Everything from the line with "Tree, Plant, Flower, Old, Pond, Stream" to the end of the data below, both lines included, should be transcribed exactly; please omit the pictures.
***** Supplied material
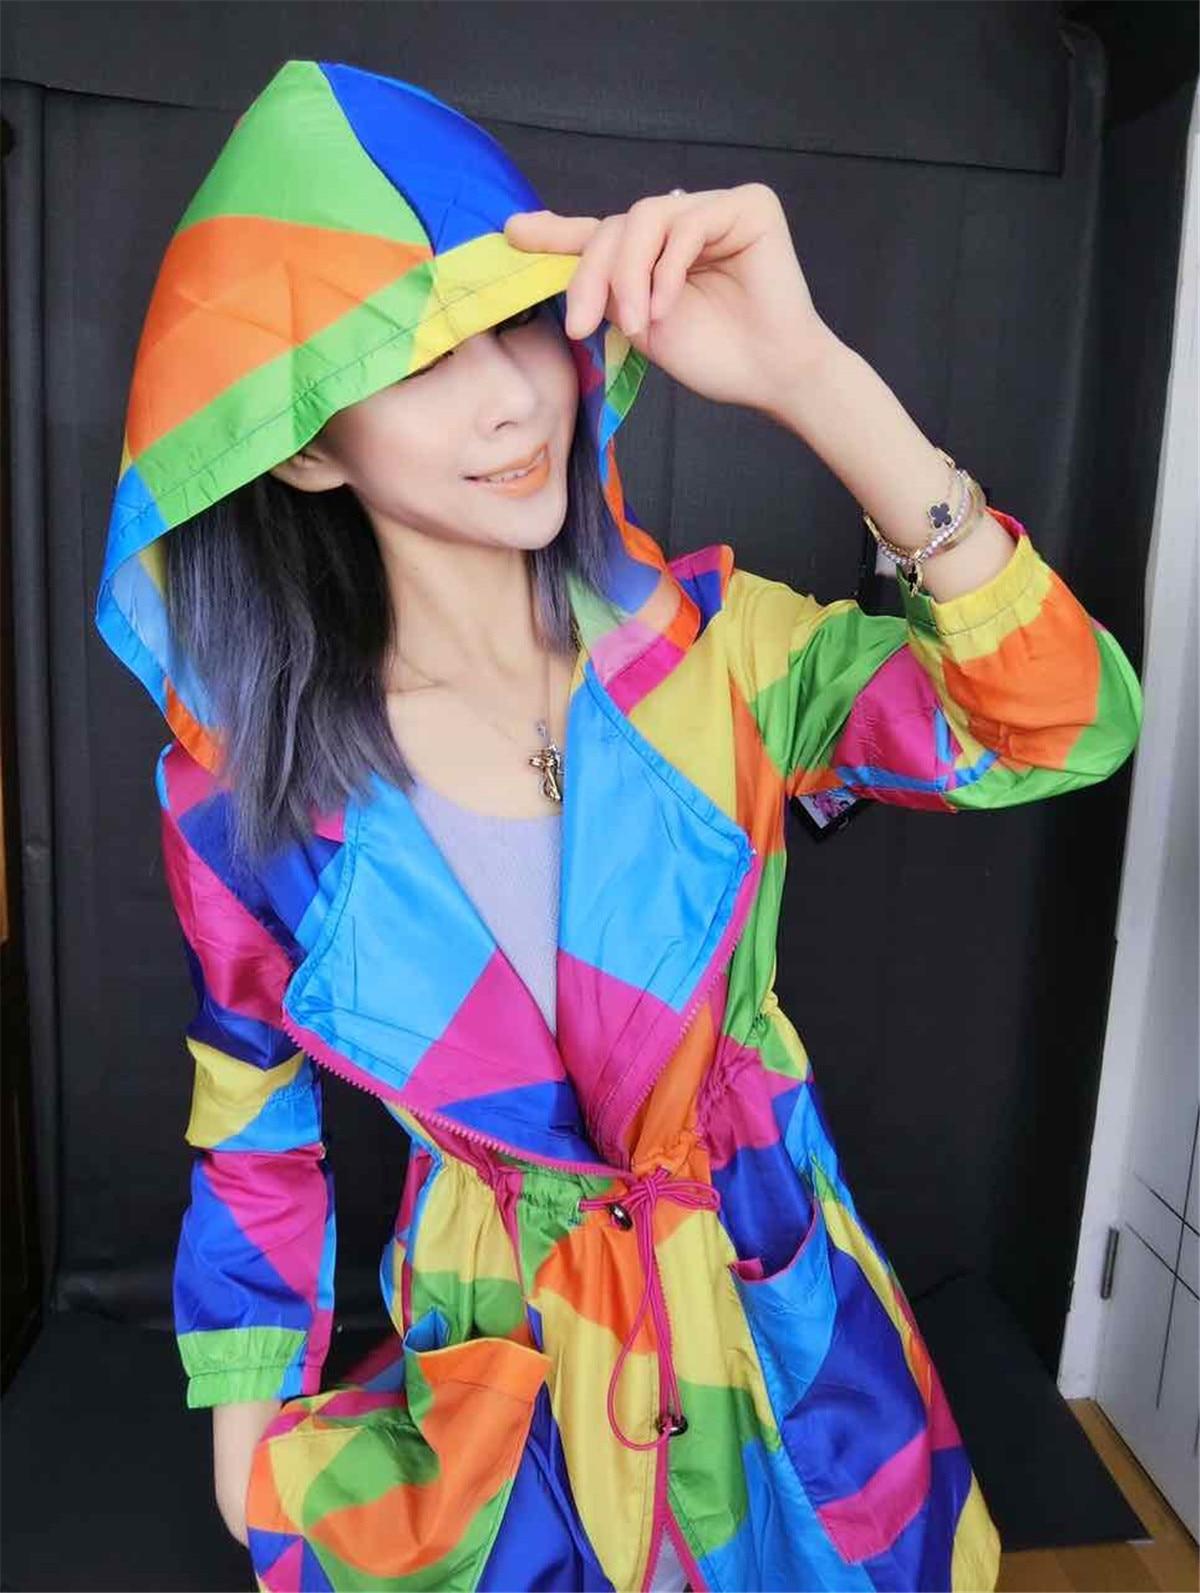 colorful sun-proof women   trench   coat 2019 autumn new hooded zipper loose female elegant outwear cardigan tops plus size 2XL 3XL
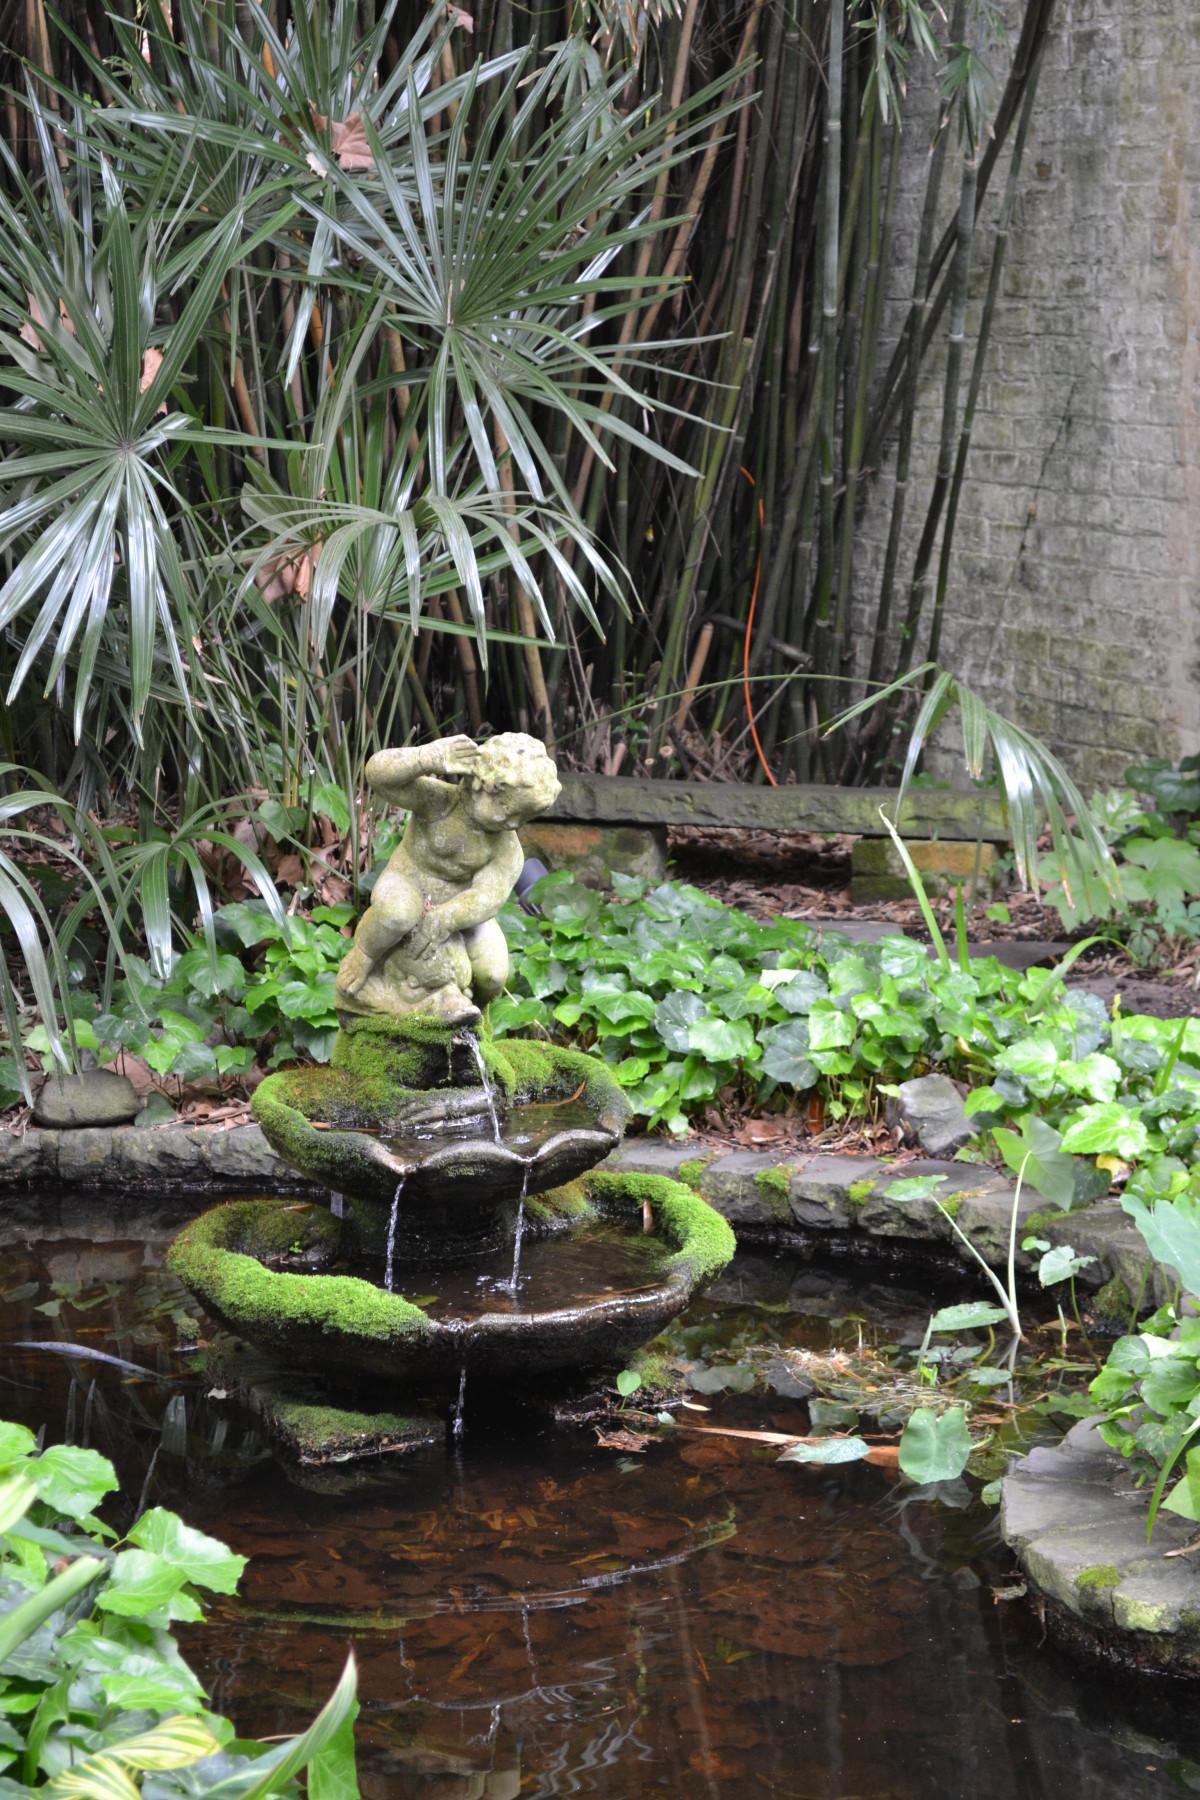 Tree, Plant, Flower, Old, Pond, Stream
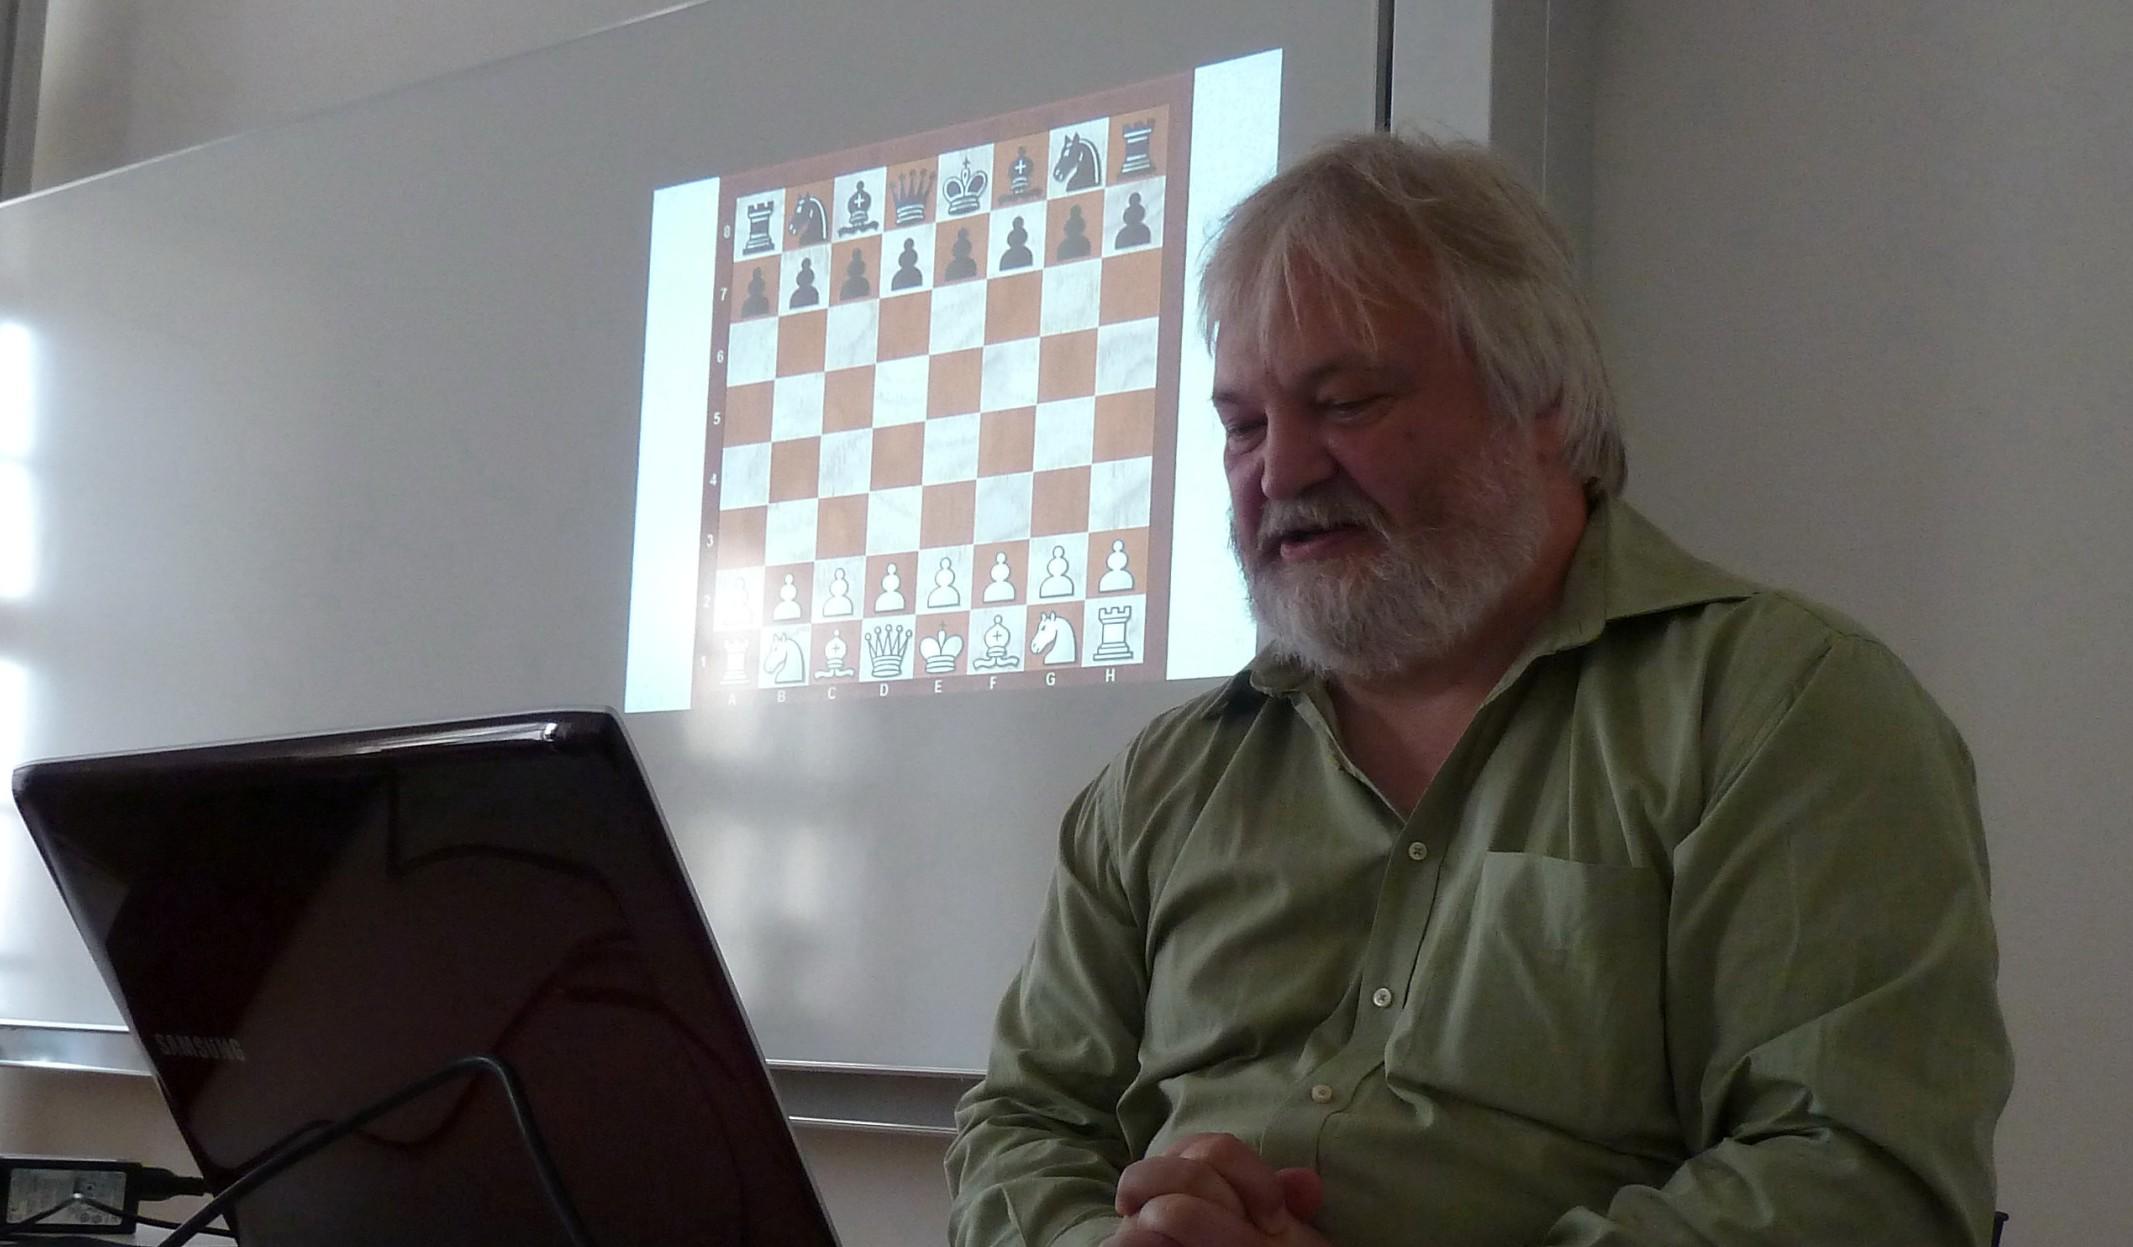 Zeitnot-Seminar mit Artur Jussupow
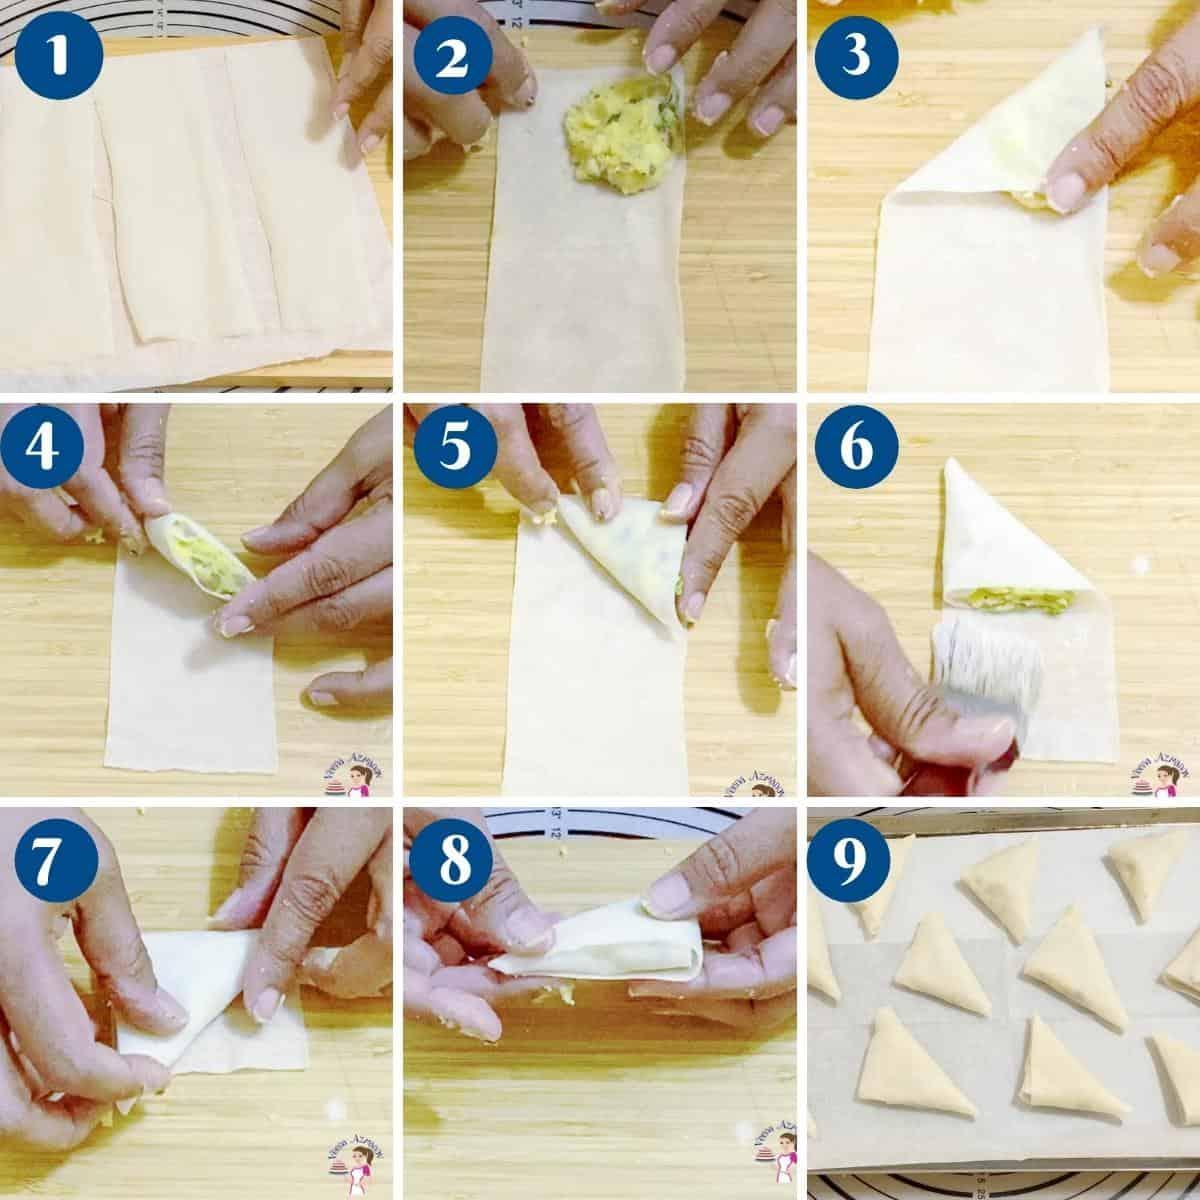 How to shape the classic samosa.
**********
▶ _Output for this task_
 Tree, Plant, Flower, Old, Pond, Stream
 Zeitnot-Seminar mit Artur Jussupow
 How to shape the classic samosa.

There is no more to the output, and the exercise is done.